2012 Court of Appeal case

R v Clinton [2012] EWCA Crim 2 is a judgment of the Court of Appeal of England and Wales concerning the loss of control defence to murder, and the context of sexual infidelity.

== Facts ==
The case was a joint appeal against conviction by three men convicted of murder for killing their wives following the discovery of sexual infidelity. At trial, all three had relied on the loss of control defence. In one of the trials (Jon Clinton), the judge found that the defendant had not adduced sufficient evidence to allow loss of control to be put to the jury. In the other two (Parker and Evans), the defence was put to the jury, who rejected it and convicted them of murder.

Loss of control was introduced by the Coroners and Justice Act 2009 as a replacement for the previous defence of provocation.

The wording of the statutory text specifically excludes sexual infidelity. All three defendants argued that sexual infidelity alone was not the cause of their loss of control—instead, they had lost control due to a number of facts including their spouse's sexual infidelity. The court was asked to determine whether the loss of control defence could apply when sexual infidelity was combined with other factors that caused the purported loss of control, and whether the judges who put the issue to the jury had properly directed the jury in summing up.

== Judgment ==
The judgment was delivered on 17 January 2012, by the Lord Chief Justice, Igor Judge with Justice Henriques and Justice Gloster concurring.
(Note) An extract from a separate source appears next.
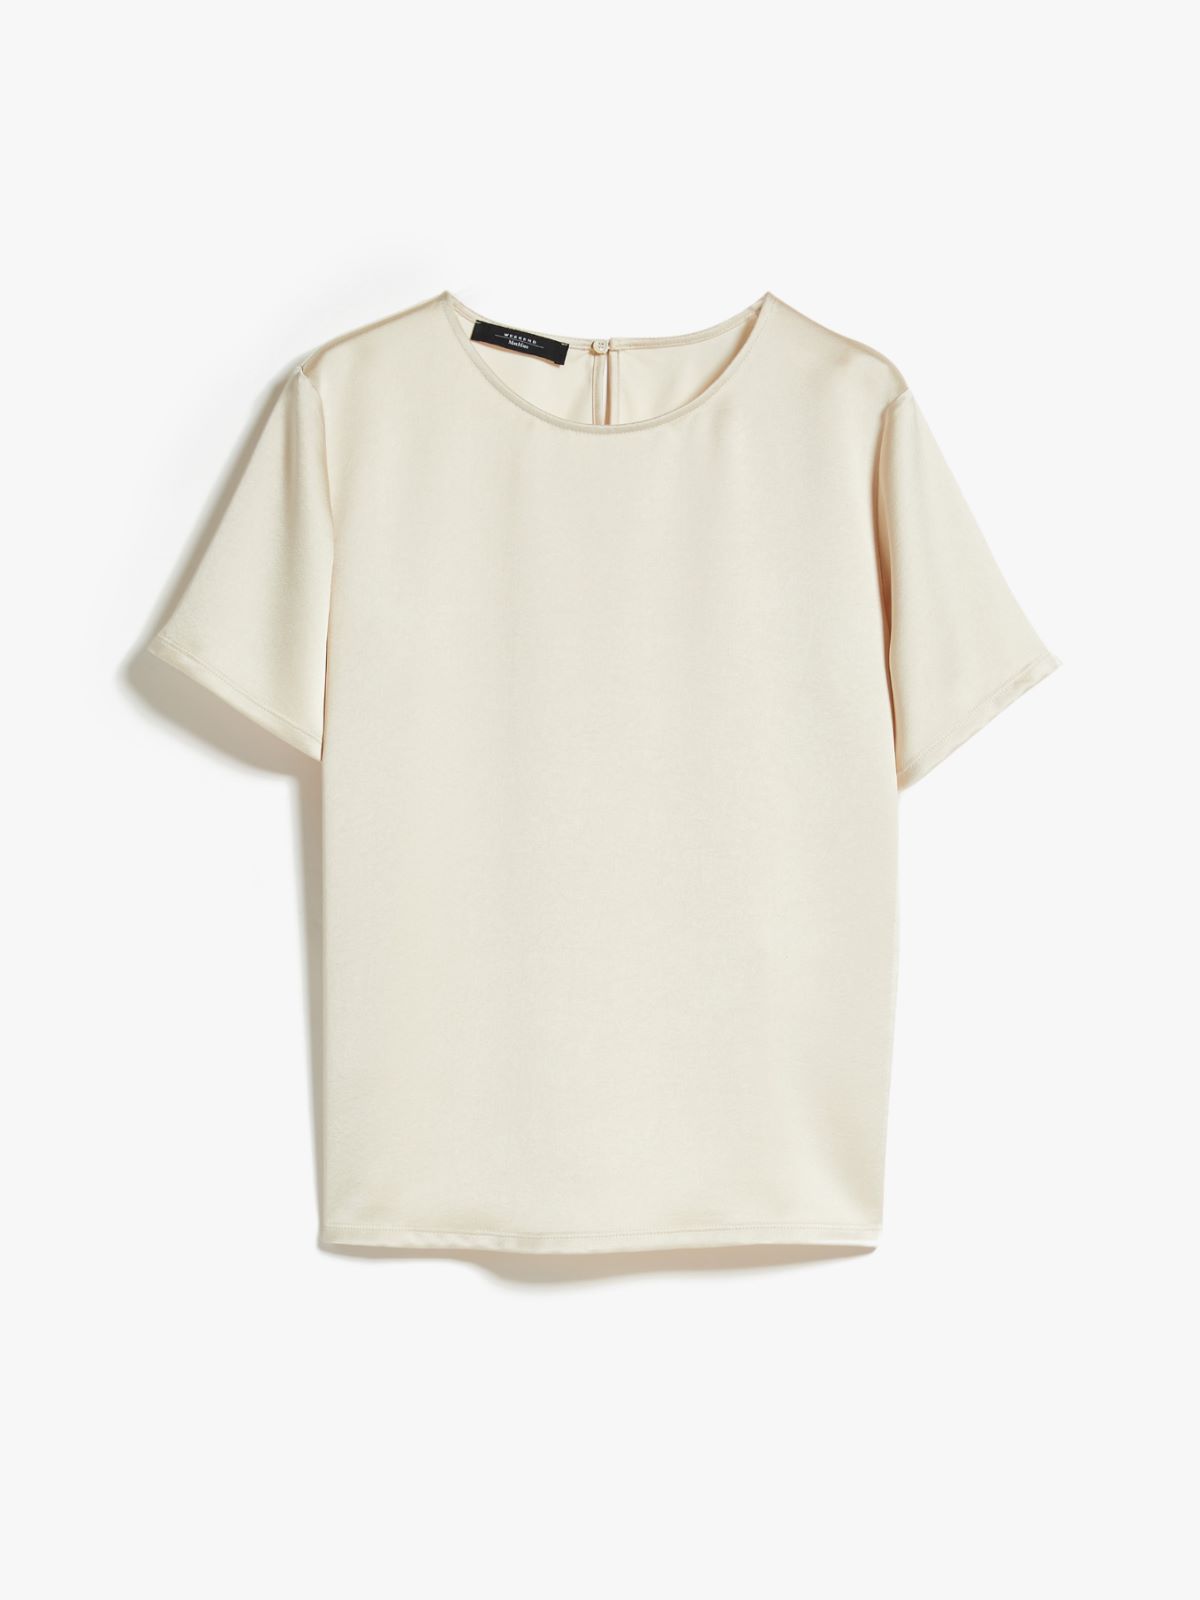 Blouse in satin and jersey, ivory | Weekend Max Mara
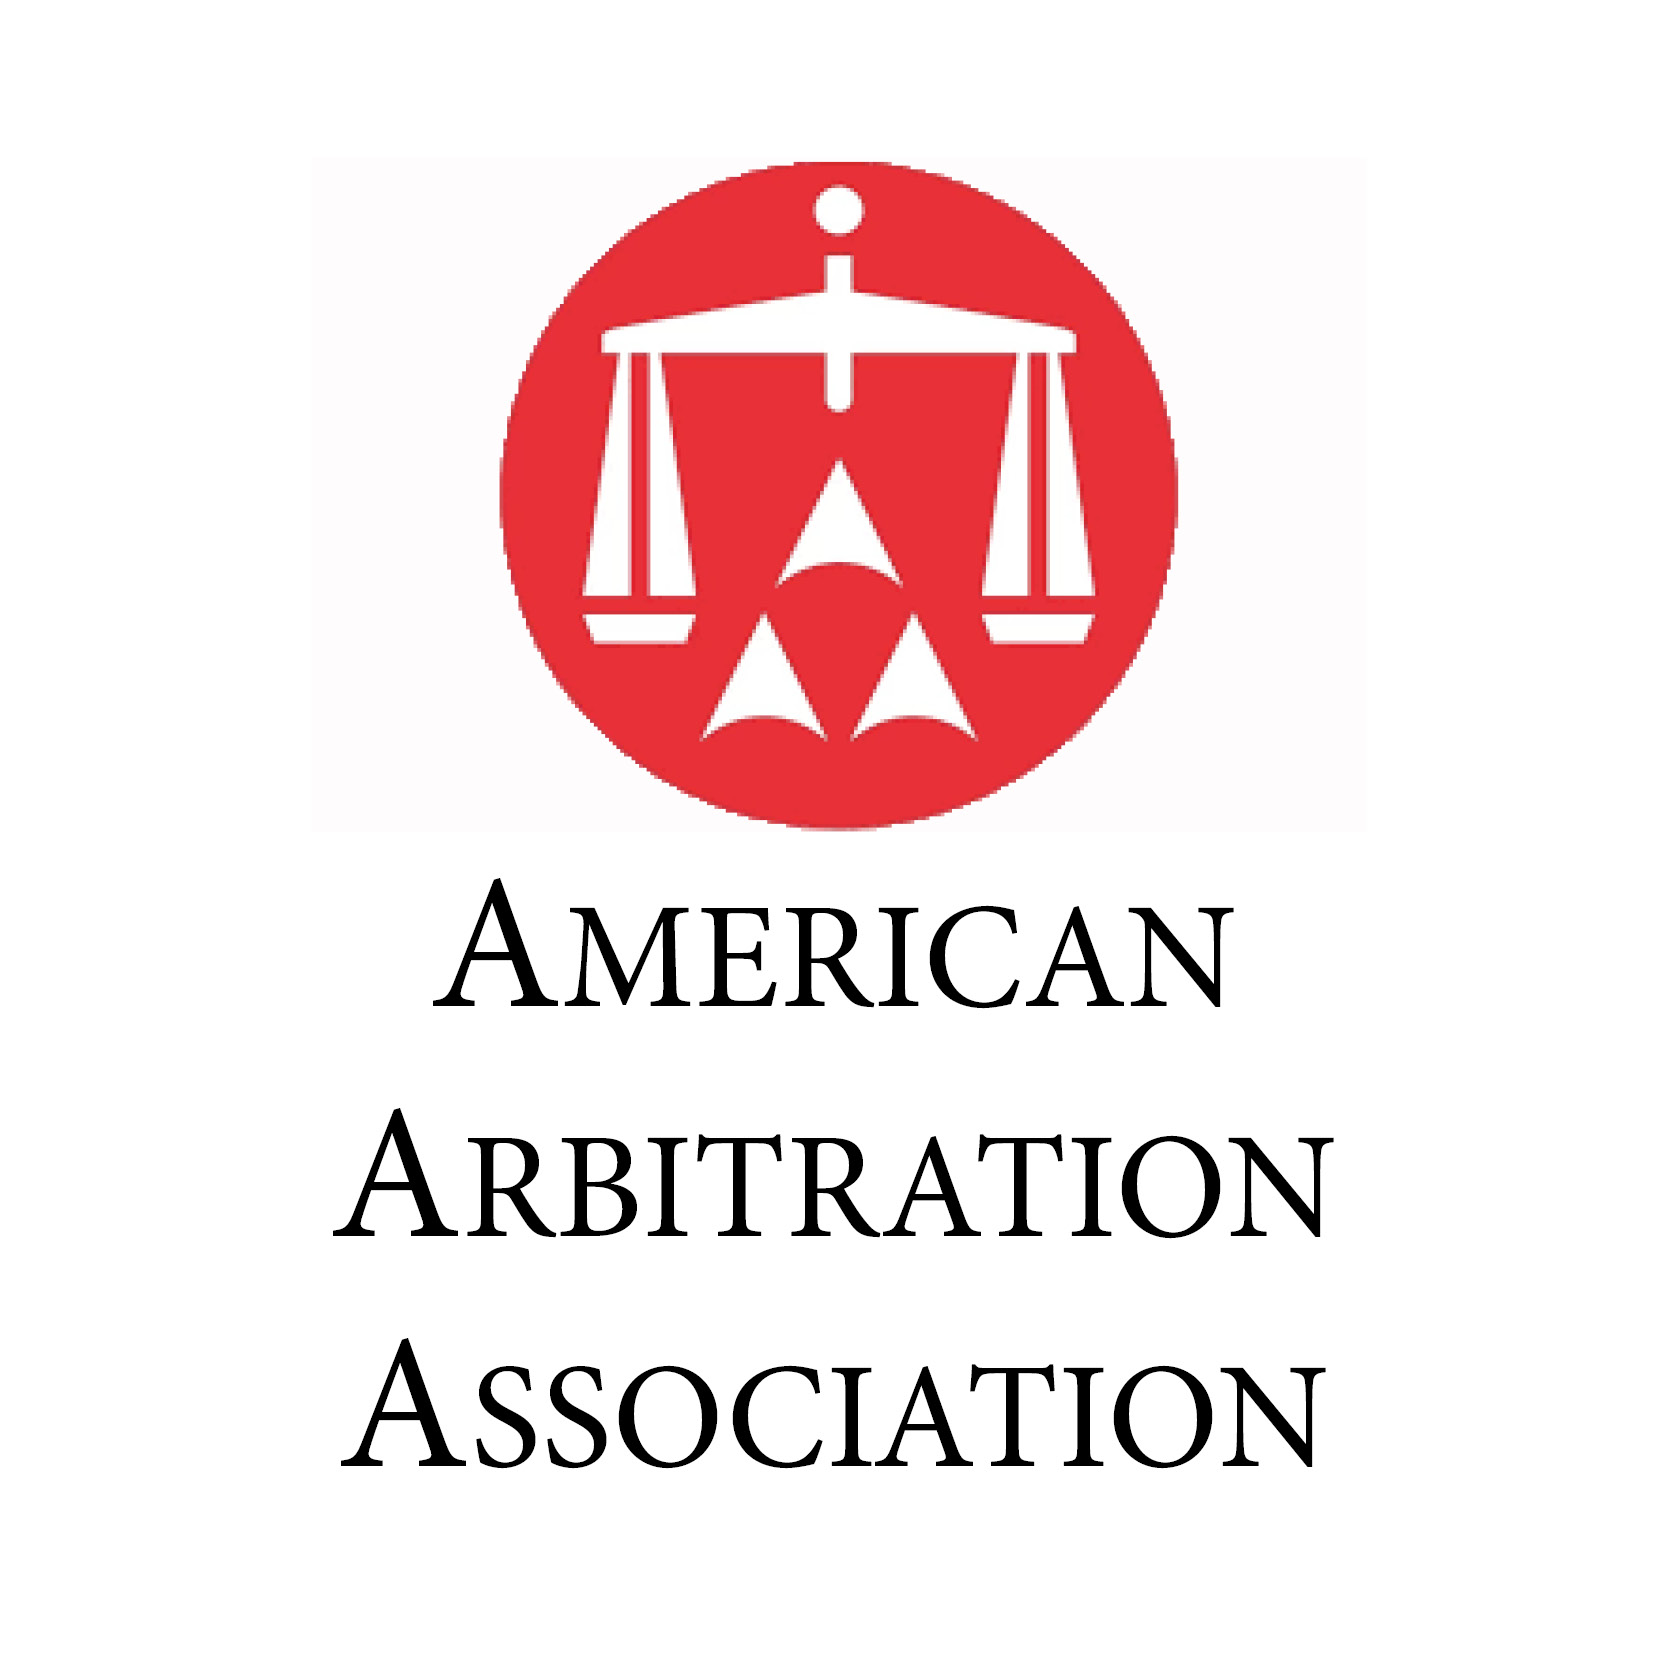 American Arbitration Association logo. They recommend LawsuitAnalysis.com for early dispute

The court decided that loss of control could be put to a jury when sexual infidelity alone was not the only cause of loss of control. They ordered a retrial for Clinton. He pleaded guilty to murder at the retrial and was given a mandatory life sentence with a minimum tariff of twenty years.

The court determined that the jury direction for the other two cases was satisfactory and rejected their appeals.

== Commentary ==
Vera Baird described the judgment as a "totemic setback for campaigning women".